-1

I have a huge data set that containts 30000 columns full with data. I want to take one row and plot the means of sets of 100 (the first 100 entries, the second 100 entries, and so on), so a total of 300 entries. I have the script for the plot ready, but I can't figure out how to divide my data into sets of 100.

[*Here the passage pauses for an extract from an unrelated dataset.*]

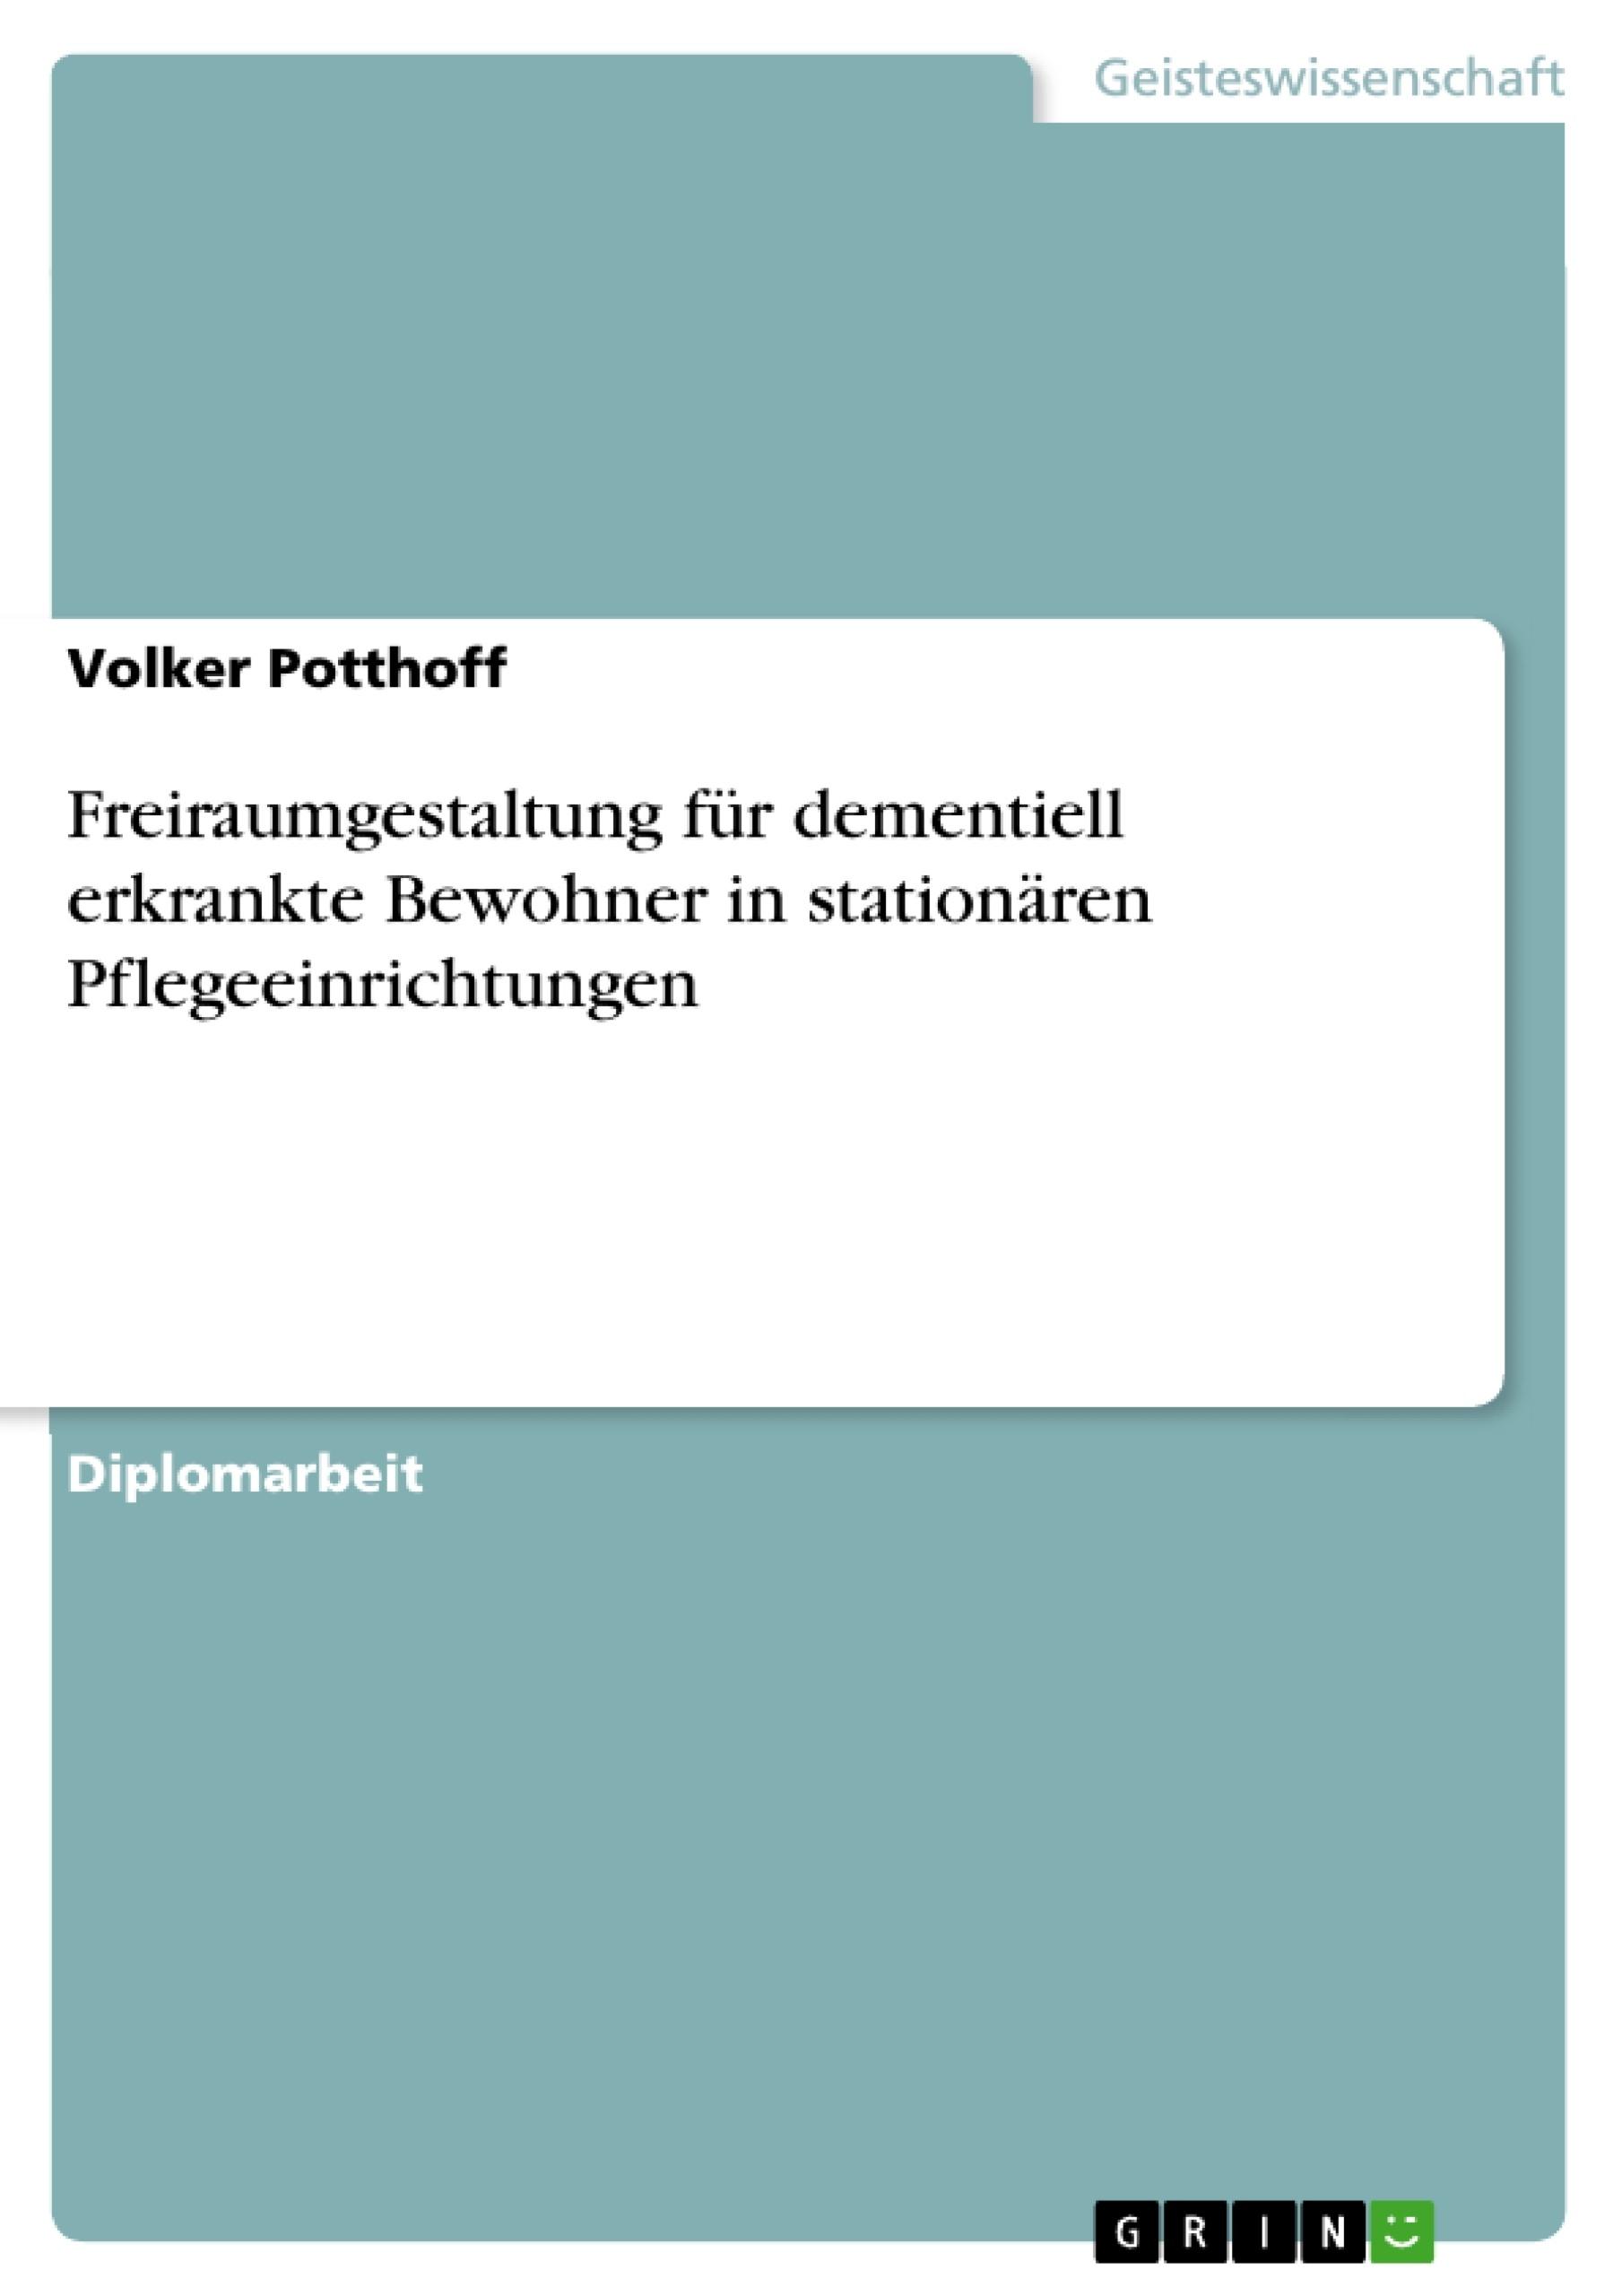 Titel: Freiraumgestaltung für dementiell erkrankte Bewohner in stationären Pflegeeinrichtungen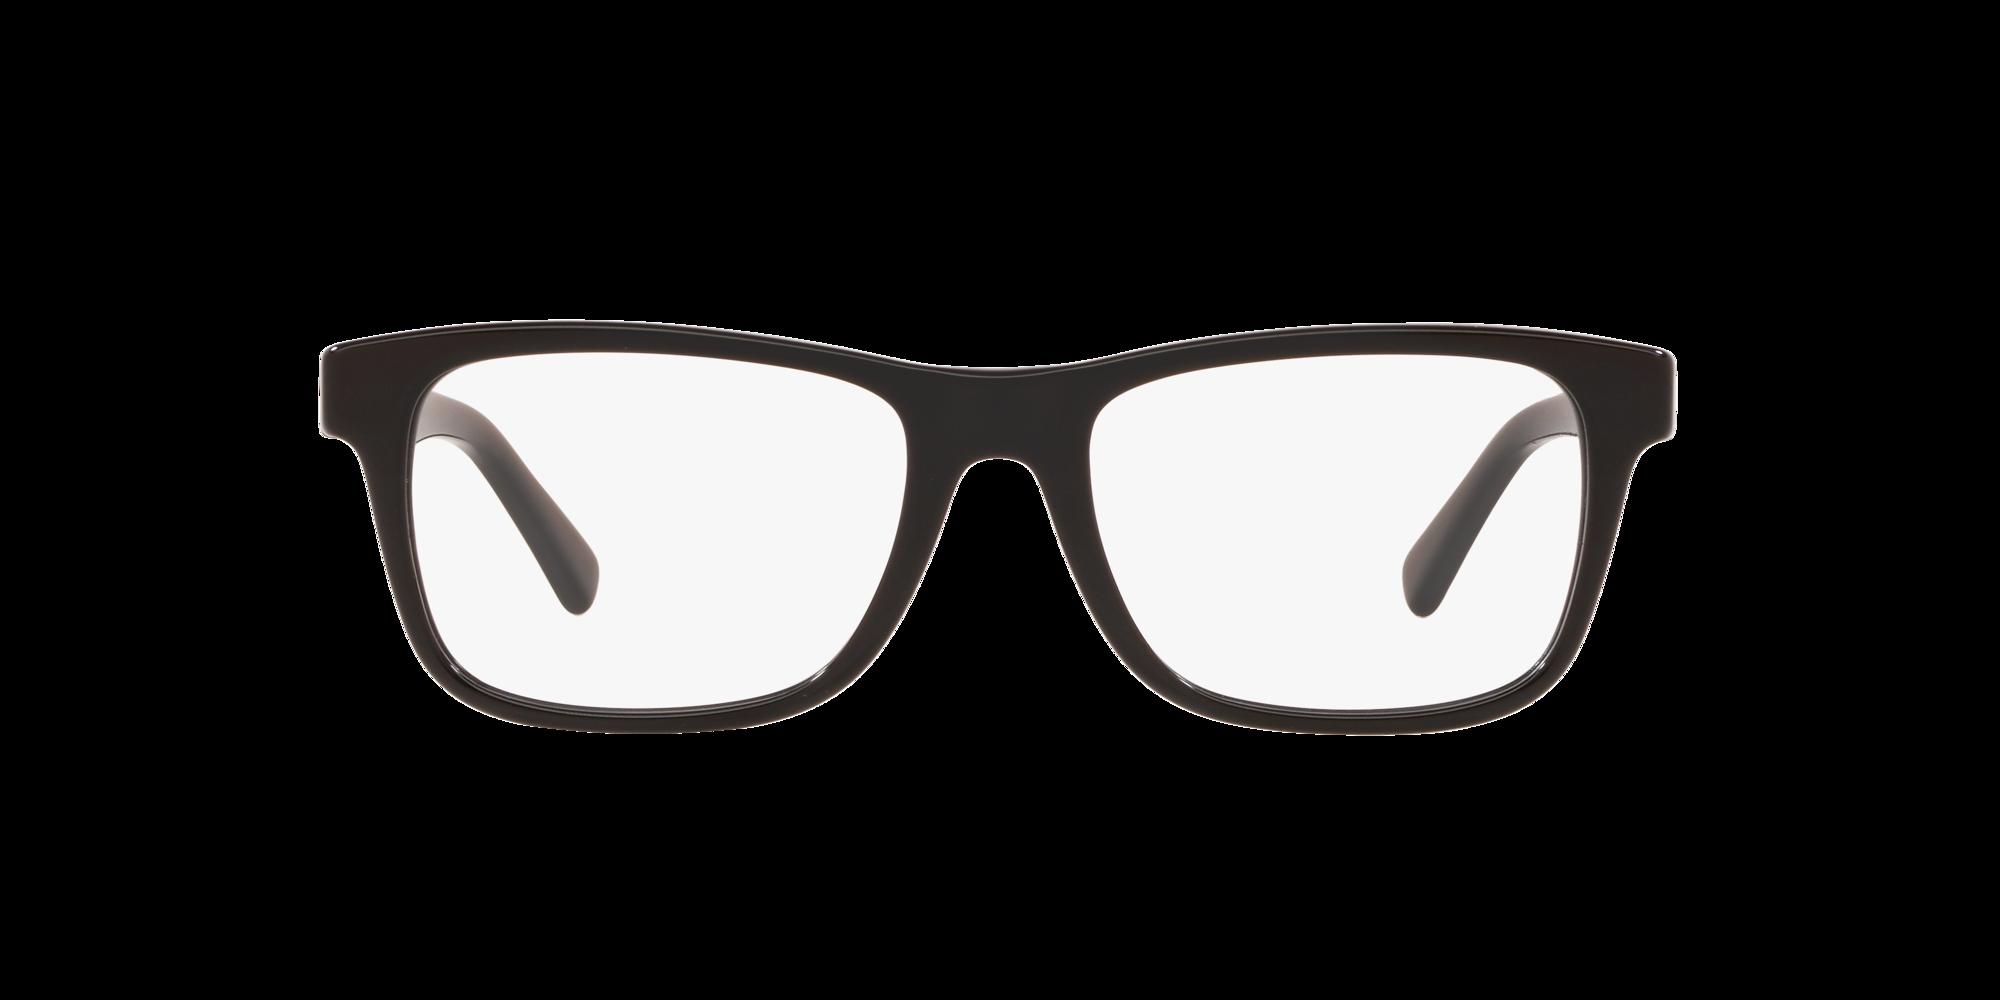 Imagen para EC2002 de LensCrafters    Espejuelos, espejuelos graduados en línea, gafas

Can anybody of you help? Thank you

qwerty
  • 2,392
  • 3
  • 30
  • 55
  • 1
    Share code that you have tried. – qwerty Nov 27 '17 at 11:56
  • The function I want to apply is CV <- function(x, ...){(sd(x, ...)/mean(x, ...))*100} and I've tried something like byapply(DataSet$column., rep(1:30000, each = 100), rowMeans) but this totally did not work – Anya Drake Nov 28 '17 at 10:39

1 Answers1

0

It may be easier to melt the data, add a column identifier (1:300, repeated 100 times each), and then summarize by that column.

So something like:

library(dplyr)
df <- df %>%
   gather(Key, Value) %>%
   mutate(ID = rep(1:300, each = 100)) %>%
   group_by(Key, ID) %>%
   summarize(Mean = mean(Value))

ggplot(df) + 
   geom_point(aes(x = ID, y = Mean))

You'll have to customize the code, since I don't have the data structure...

user2602640
  • 640
  • 6
  • 21